Recorded information.

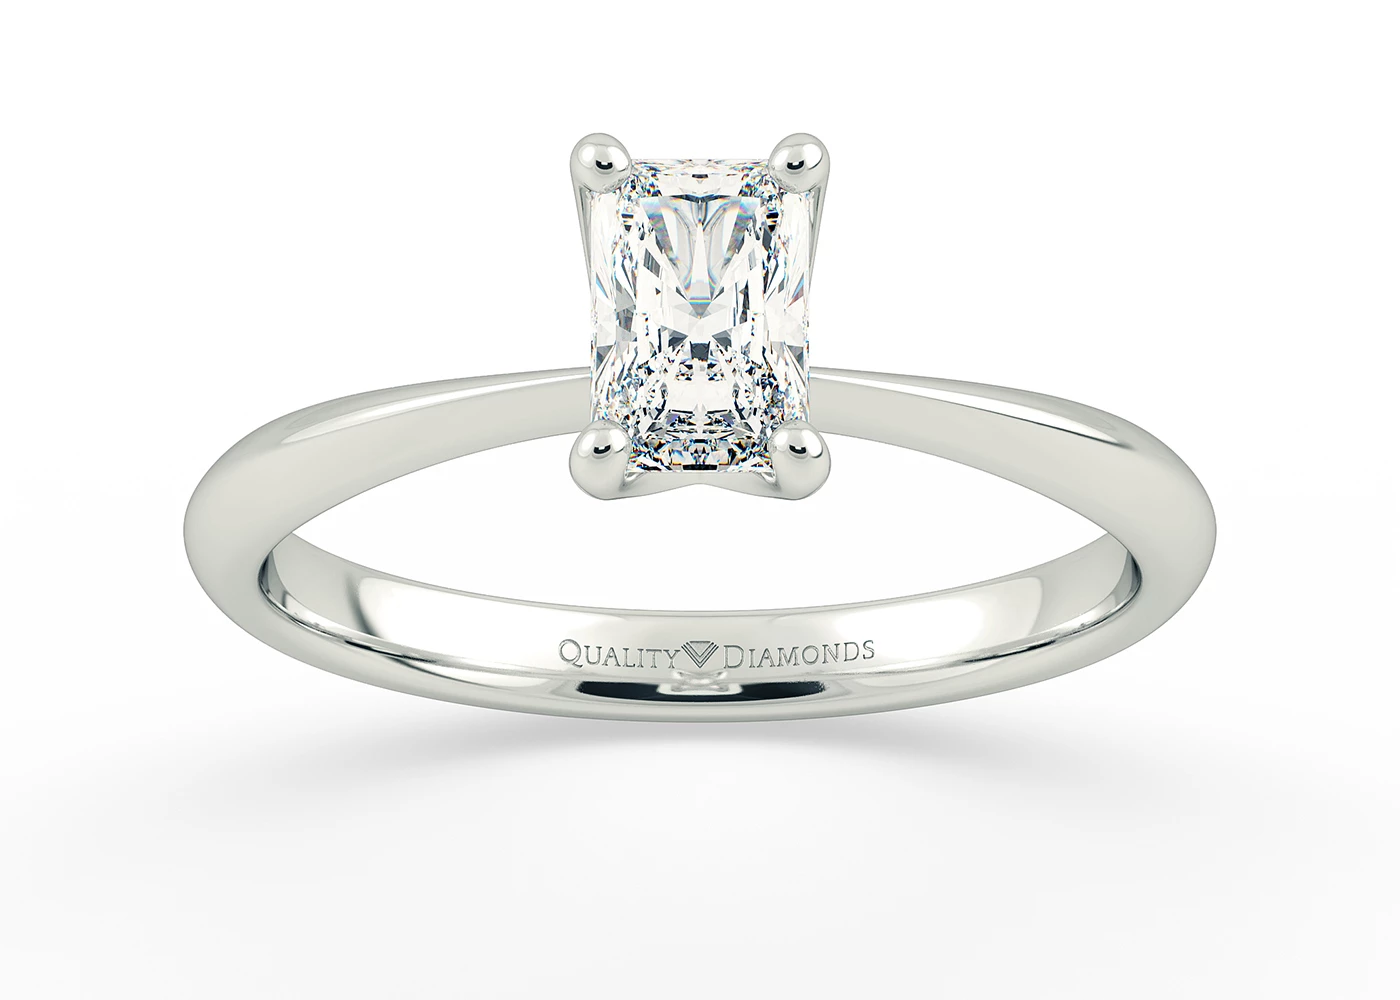 Radiant Amorette Diamond Ring in Platinum
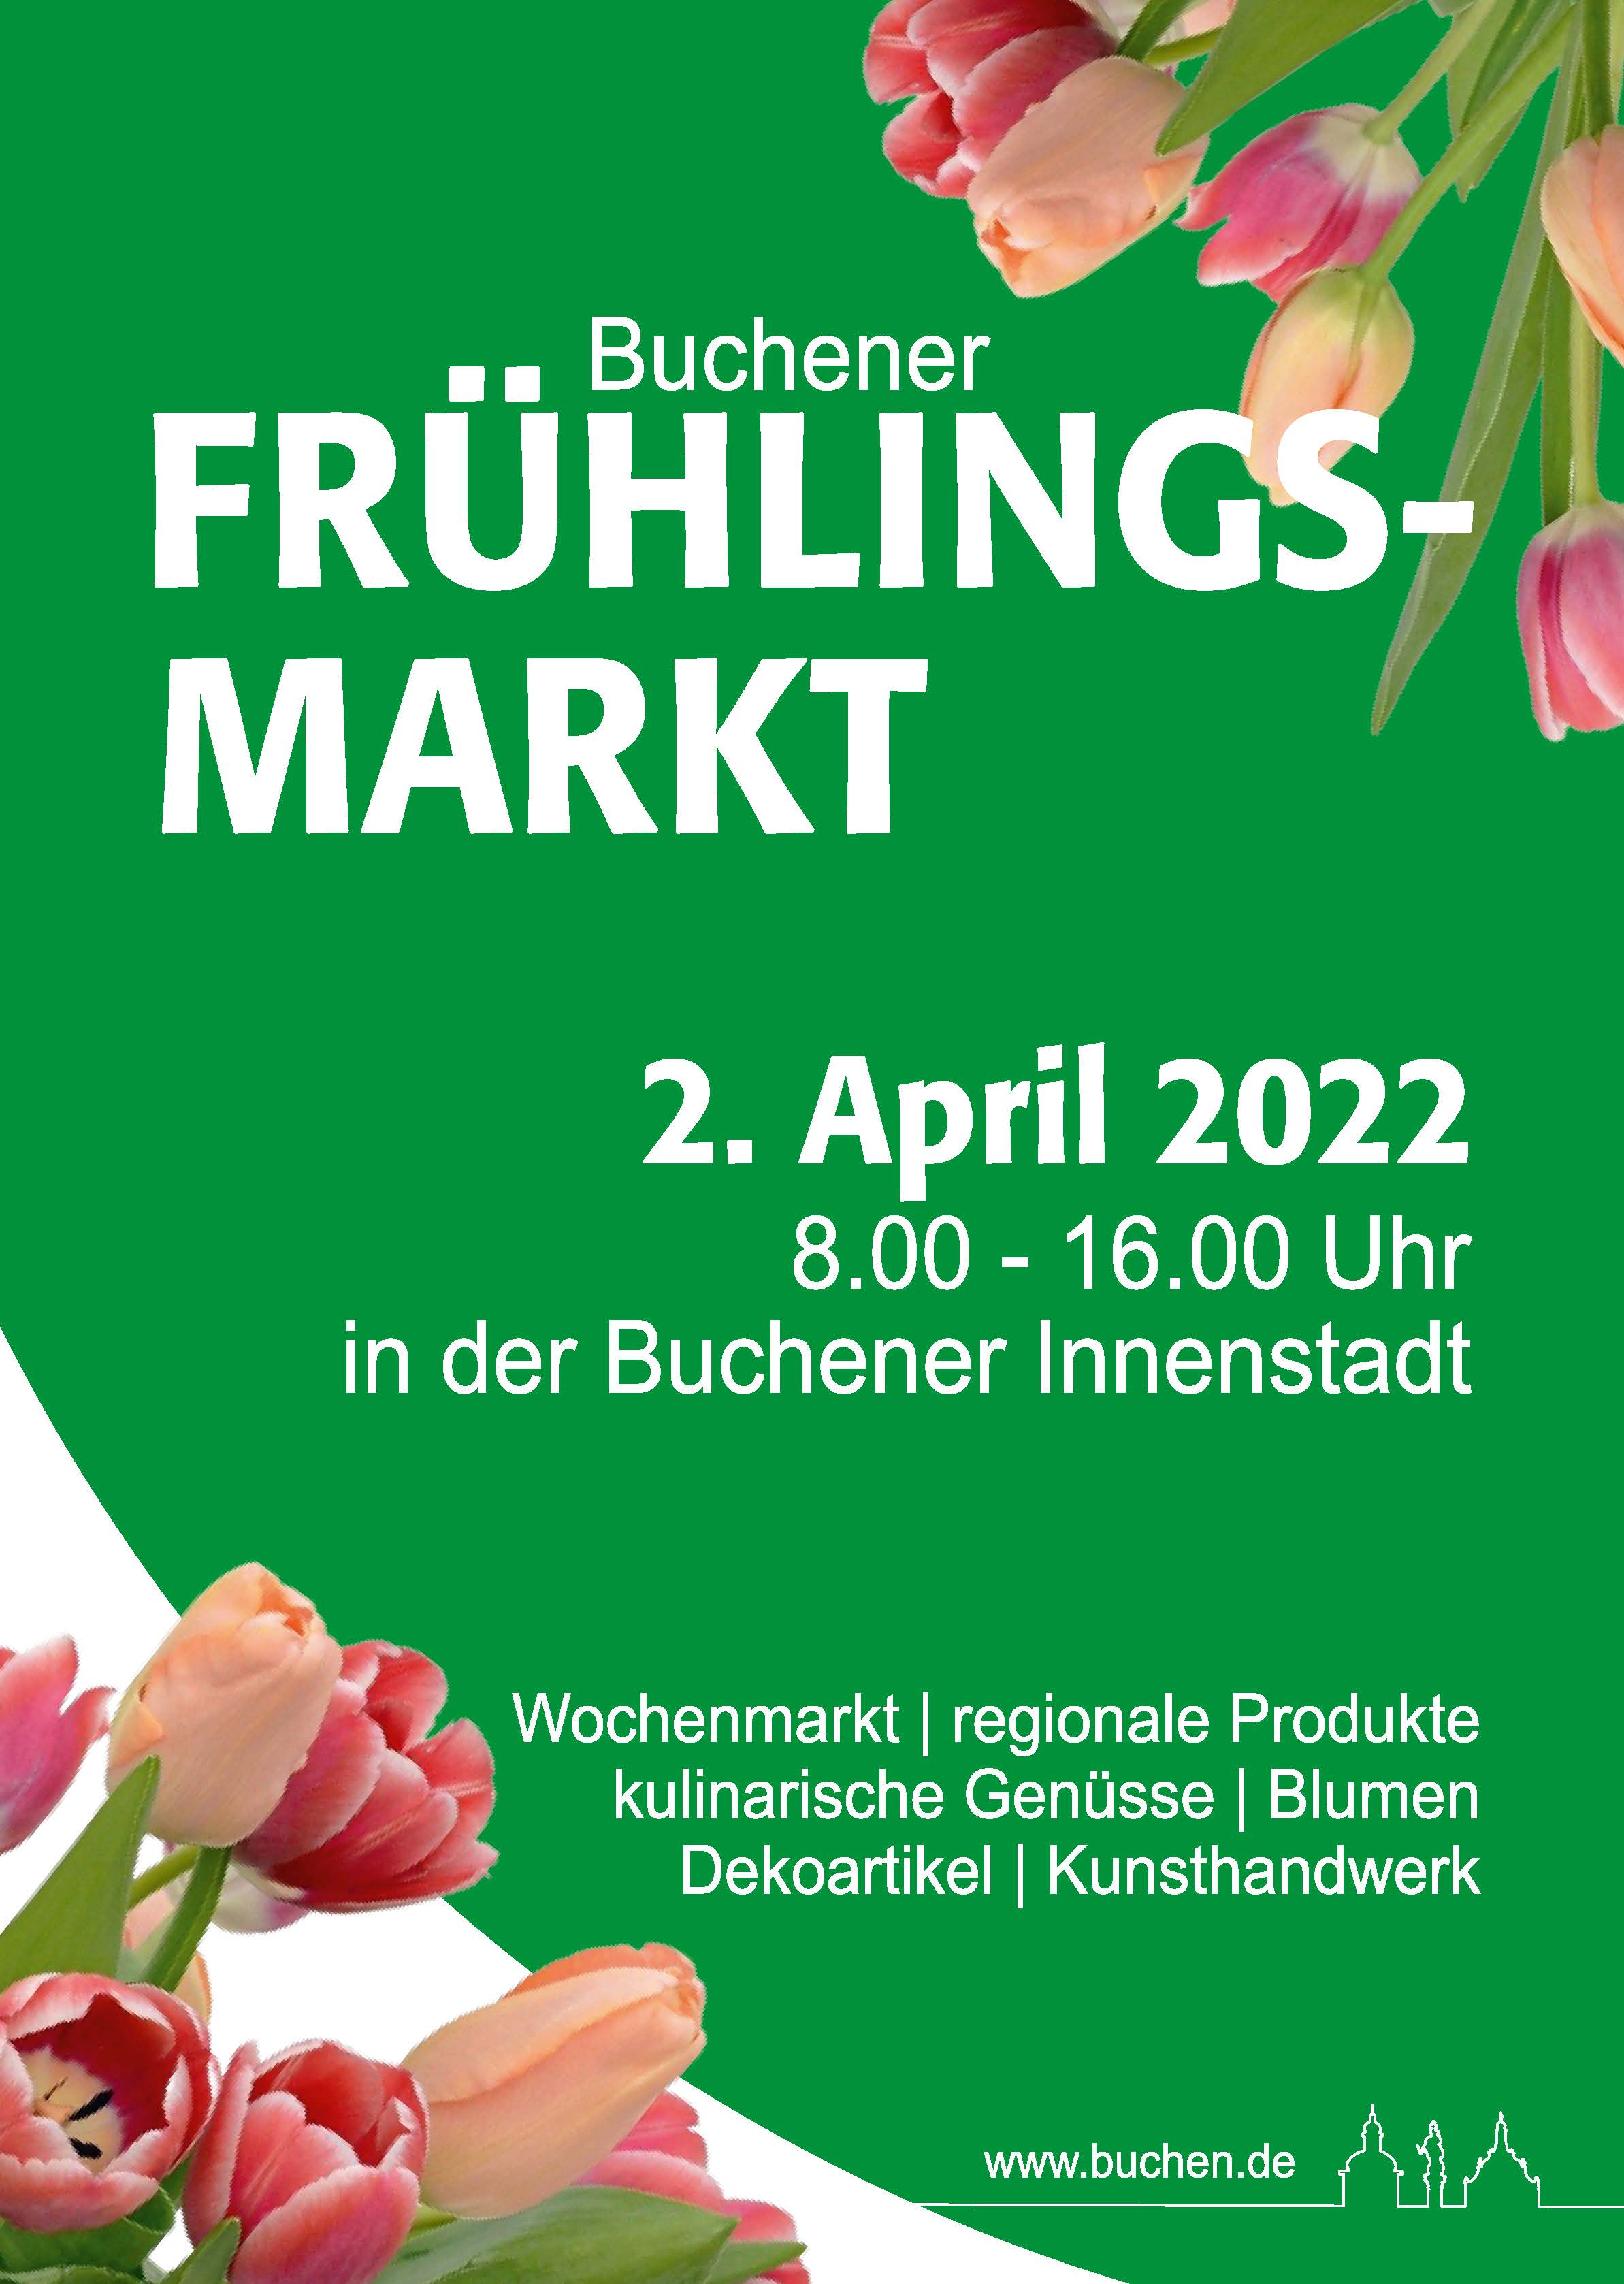 Plakat-Frühlingsmarkt.jpg - 372,27 kB
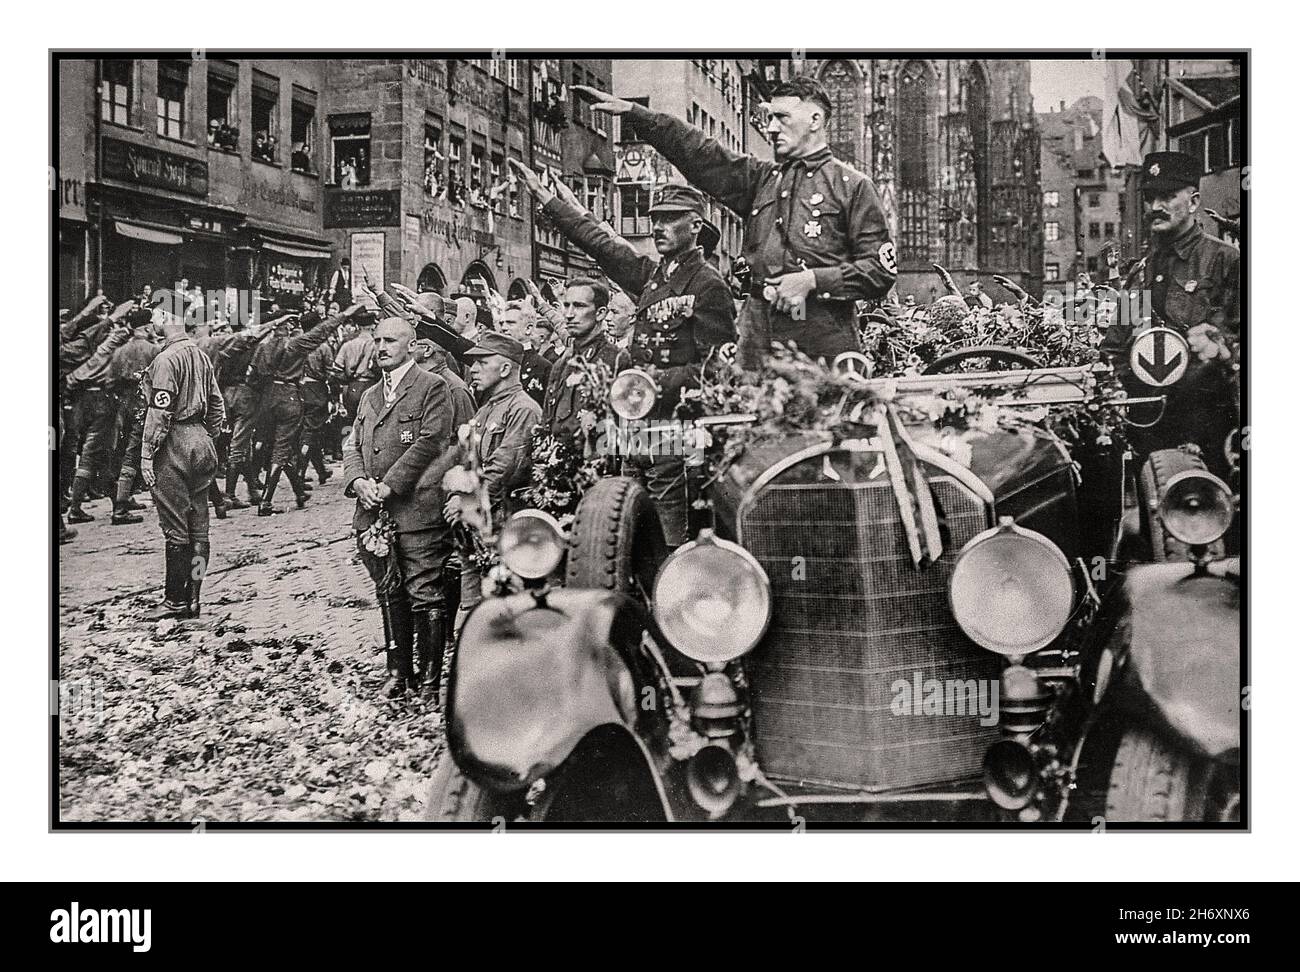 Adolf Hitler in SA-Uniform mit Hakenkreuz-Armband, in einer Blume stehend oben bedeckter Mercedes-Motorwagen begrüßt die SA-Truppen bei einer Nürnberger Nazi-Deutschland-Parade der 1930er Jahre Julius Streicher berüchtigte antisemitische Nazi-Soldaten stehen auch vor einer Gruppe vor Adolf Hitler Stockfoto

Your goal.
For this exercise, return the data above exactly and leave every picture out.

Solved exercise.
 Radiant Amorette Diamond Ring in Platinum
 Plakat-Frühlingsmarkt.jpg - 372,27 kB
 Adolf Hitler in SA-Uniform mit Hakenkreuz-Armband, in einer Blume stehend oben bedeckter Mercedes-Motorwagen begrüßt die SA-Truppen bei einer Nürnberger Nazi-Deutschland-Parade der 1930er Jahre Julius Streicher berüchtigte antisemitische Nazi-Soldaten stehen auch vor einer Gruppe vor Adolf Hitler Stockfoto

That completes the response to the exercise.